How can I find the number of threads for the best performance?

I have tested performance of PFC3D 7.00.153 using simple model (gravity falling of 1000 balls) with changing the number of threads. (This is very similar with the performance test suggested for using YADE Introduction — Yade 3rd ed. documentation)

The model was solved to reach equilibrium ratio of 1E-5 and the ‘average number of cycles per second’ is calculated.

This is performance result of my machine (AMD Ryzen thread ripper PRO 5975WX)

The result show that using 7 threads may yield the best performance for this model.

Question

  1. Do I have to conduct performance test for every model that I made? or The ‘one’ test result for the specific machine could be regarded as general performance to be expected?

  2. What is the reason of poor performance when increasing the number of threads? Is it a problem of overhead in parallel computing?

Main script file “C_T[1].py”


import itasca as it
it.command("python-reset-state false") #the model new command will not affect python environment
import ct2 as ct2
import importlib
importlib.reload(ct2)

for i in range(1,65):
     it.set_threads(i)
     ct2.falling_test()

External module “ct2.py”

import itasca as it
from datetime import datetime

def falling_test():
    # MODEL CONFIGURATION
    it.command("""model new
        model configure dynamic
        model deterministic on
        model large-strain on
        model energy mechanical off
        model orientation-tracking off
        model title 'core performance test'
    """)

    it.set_domain_min((-0.05, -0.05, -0.05))
    it.set_domain_max((0.05, 0.05, 0.05))

    it.command("""
        wall generate box -0.05 0.05
        ball generate box -0.05 0.05 -0.05 0.05 0.03 0.05 radius 0.002 number 1000
    """)

    it.command("""
        contact cmat default type ball-ball model hertz property hz_shear 1e6 hz_poiss 0.2 dp_nratio 0.2 dp_sratio 0.2
        contact cmat default type ball-facet model linear property kn 1e6 ks 1e6 dp_nratio 0.2 dp_sratio 0.2
        ball attribute density 2000
    """)

    it.set_gravity((0.0,0.0,-9.81))

    start_time = datetime.now()
    it.command("""
        model solve ratio 1e-5
    """)
    running_time =  datetime.now() - start_time

    print('Thread = ', it.threads())
    print('Total cycle = ', it.cycle(), 'Cycle per second = ', int(it.cycle()/running_time.total_seconds()))
    print('Elapsed time = ', running_time)
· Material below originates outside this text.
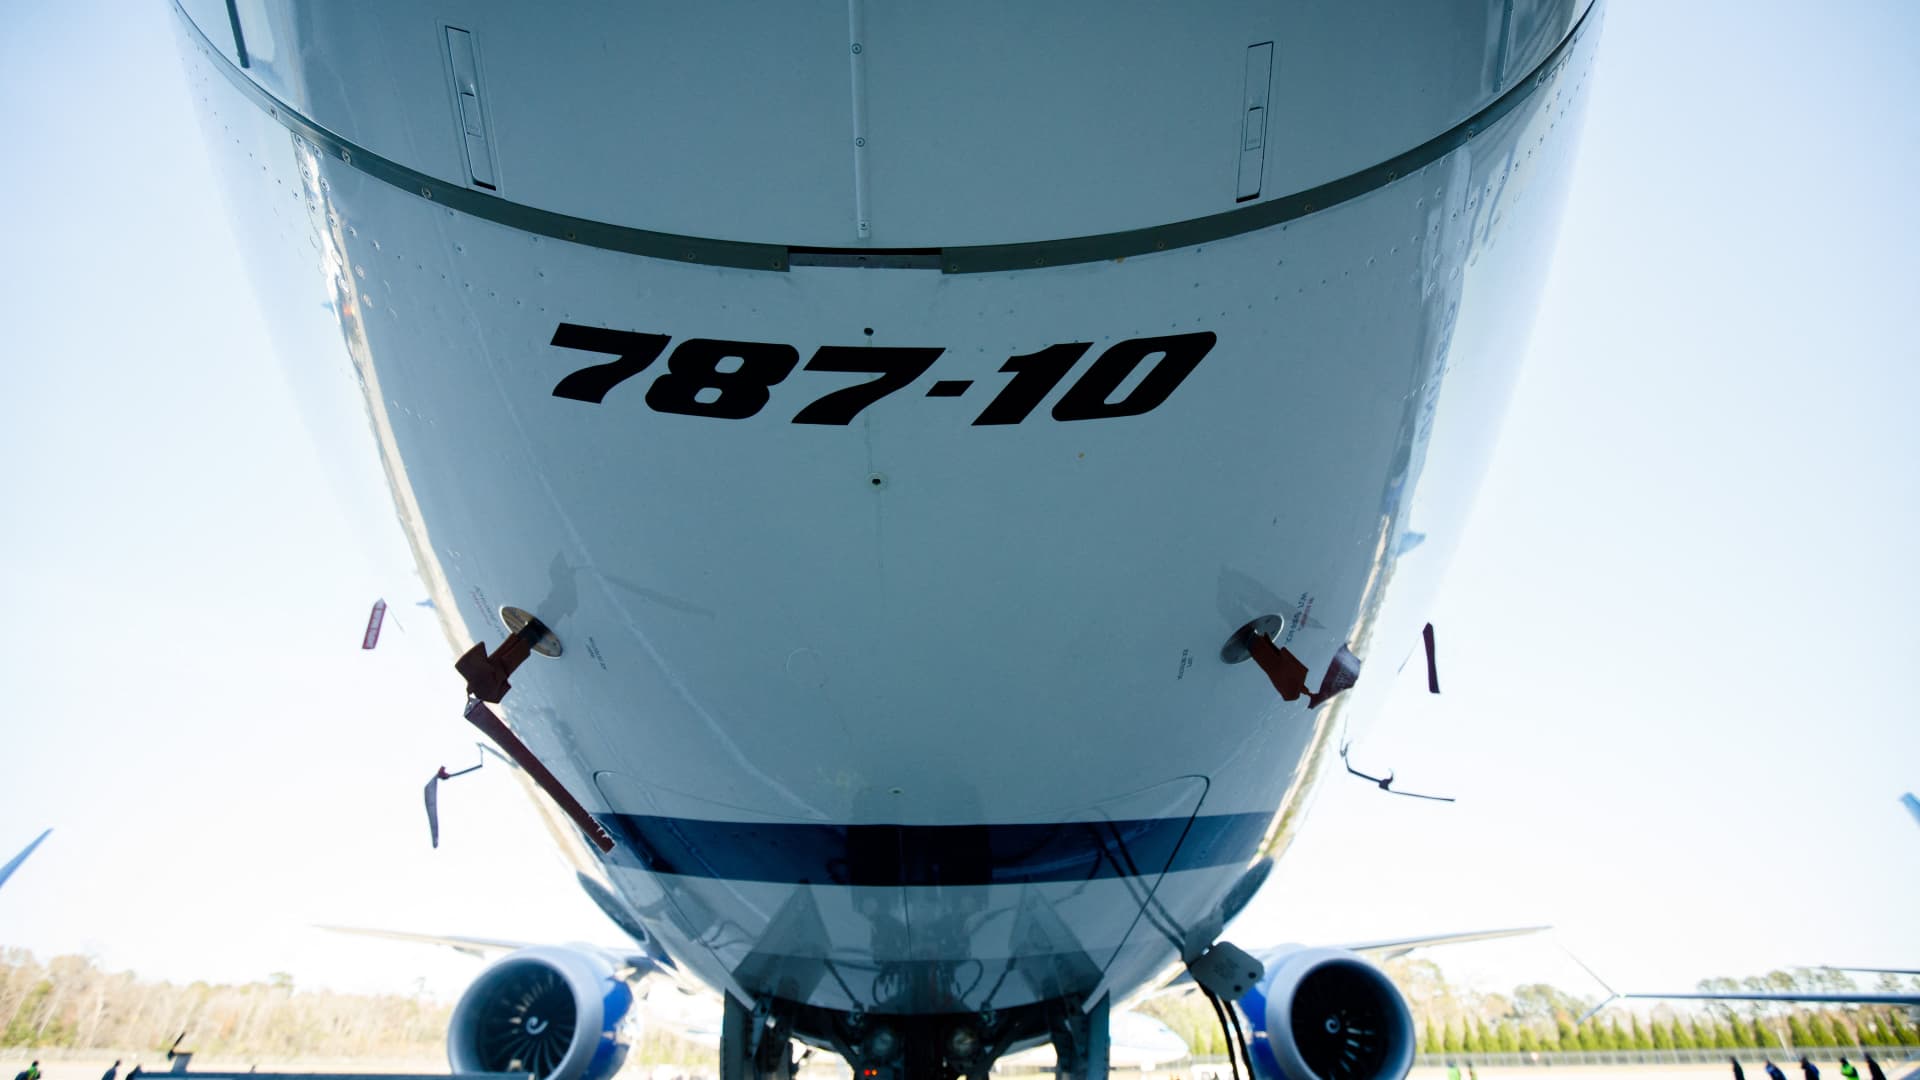 Boeing pauses delivery of 787 Dreamliners

I’m answering with the help of another expert.
I think the model used in this question does not really reflect the proper scaling that can be achieved with the processor, because the number of balls used in the system is too small.
To respond to the specific questions:

  1. Do I have to conduct performance test for every model that I made? or The ‘one’ test result for the specific machine could be regarded as general performance to be expected?
    As discussed above, the number of balls in the system may be too small to actually provide sensible results. In general the most time is spent in: 1) contact resolution and contact force updates; and 2) contact detection. A “quasi-static” model with a stable contact network will spend most of the time in 1, whereas a “dynamic” model with lots of contact creation/deletion will spend time in both 1 and 2. Therefore the scaling may depend on the state of the system.
  2. What is the reason of poor performance when increasing the number of threads? Is it a problem of overhead in parallel computing?
    In general, there is a threshold after which increasing the number of threads will not yield to better performances. This is due to memory cache misses occurring during the computation. This threshold depends on the memory cache size and is processor-dependent.